MRs after verification are not auto-merged — they wait for human approval. At this stage, every merge is also an opportunity to observe: does the fix make sense, did the agent cut corners, does the prompt need adjusting. It's still a process of teaching the system, not just fixing tests.

Access restrictions for each agent — what they can read, edit, and which tools they have available — are configured directly in Claude's settings. This means there's no need to enforce it in the orchestrator code — the model respects its assigned scope on its own.

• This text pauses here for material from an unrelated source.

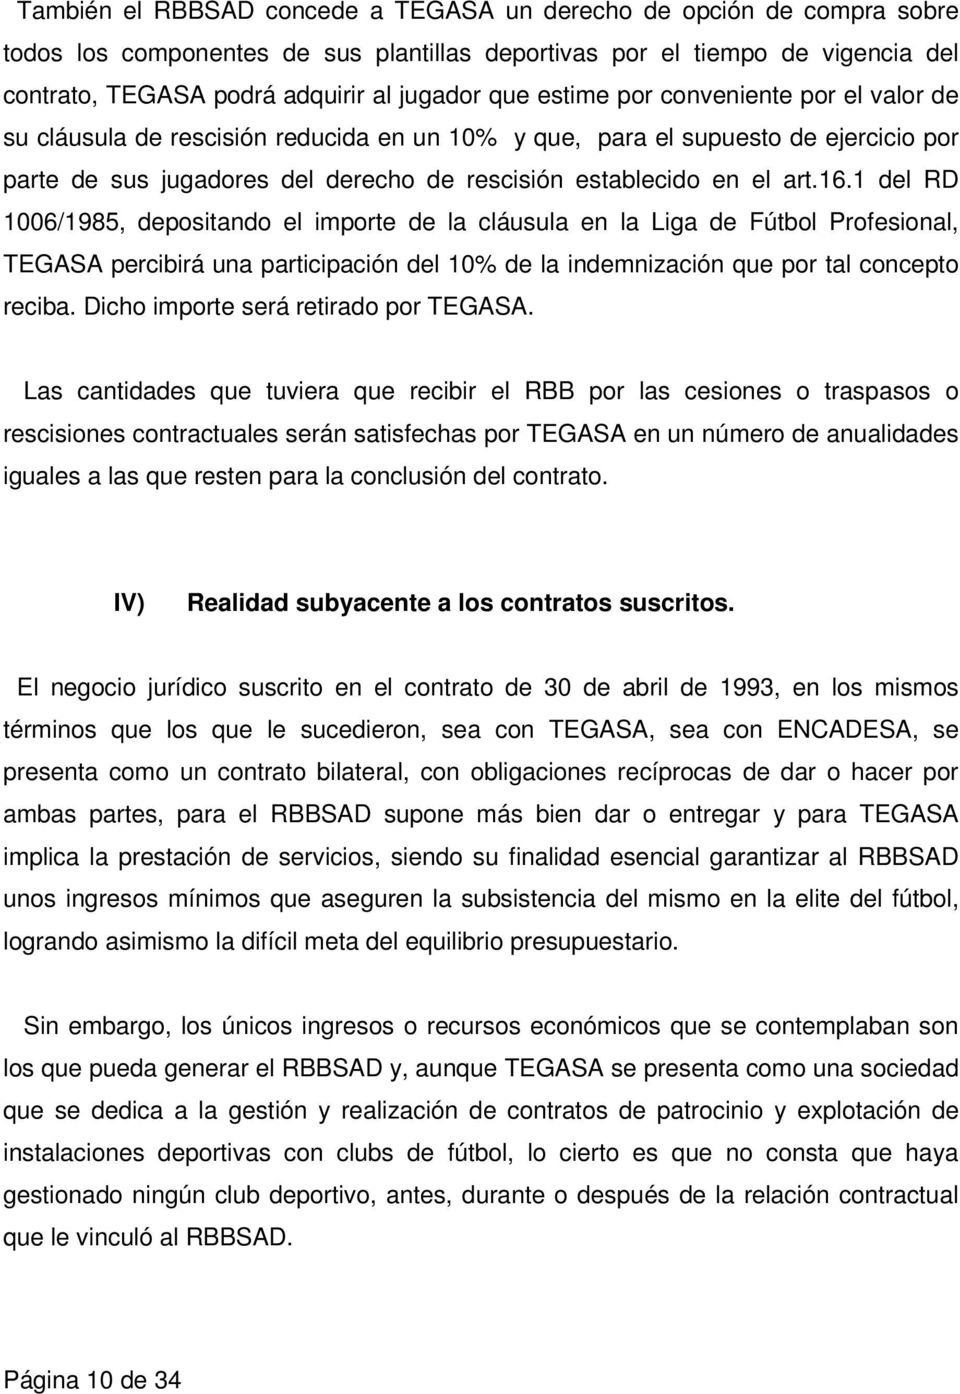 1 del RD 1006/1985, depositando el importe de la cláusula en la Liga de Fútbol Profesional, TEGASA percibirá una participación del 10% de la indemnización que por tal concepto reciba.

I wanted to use Claude on a subscription plan rather than the API. With a dozen or so agents spinning up in a single session — ideally on the highest available model — the per-fix cost on token-based pricing can be surprising. A subscription with unlimited access changes the economics entirely.

Where it stands

The system runs daily against real pipelines. It produces merge requests with real fixes that get reviewed and merged by humans.

It's not perfect. It escalates when it should, it sometimes takes three iterations where a human would take one, and it can't fix tests that require understanding business logic it hasn't been taught. But it handles the mechanical, time-consuming category of flaky test investigation that nobody wants to do — and it does it consistently, thoroughly, and without complaining.

Flaky tests are everyone's problem. Now there's a system that makes them nobody's burden.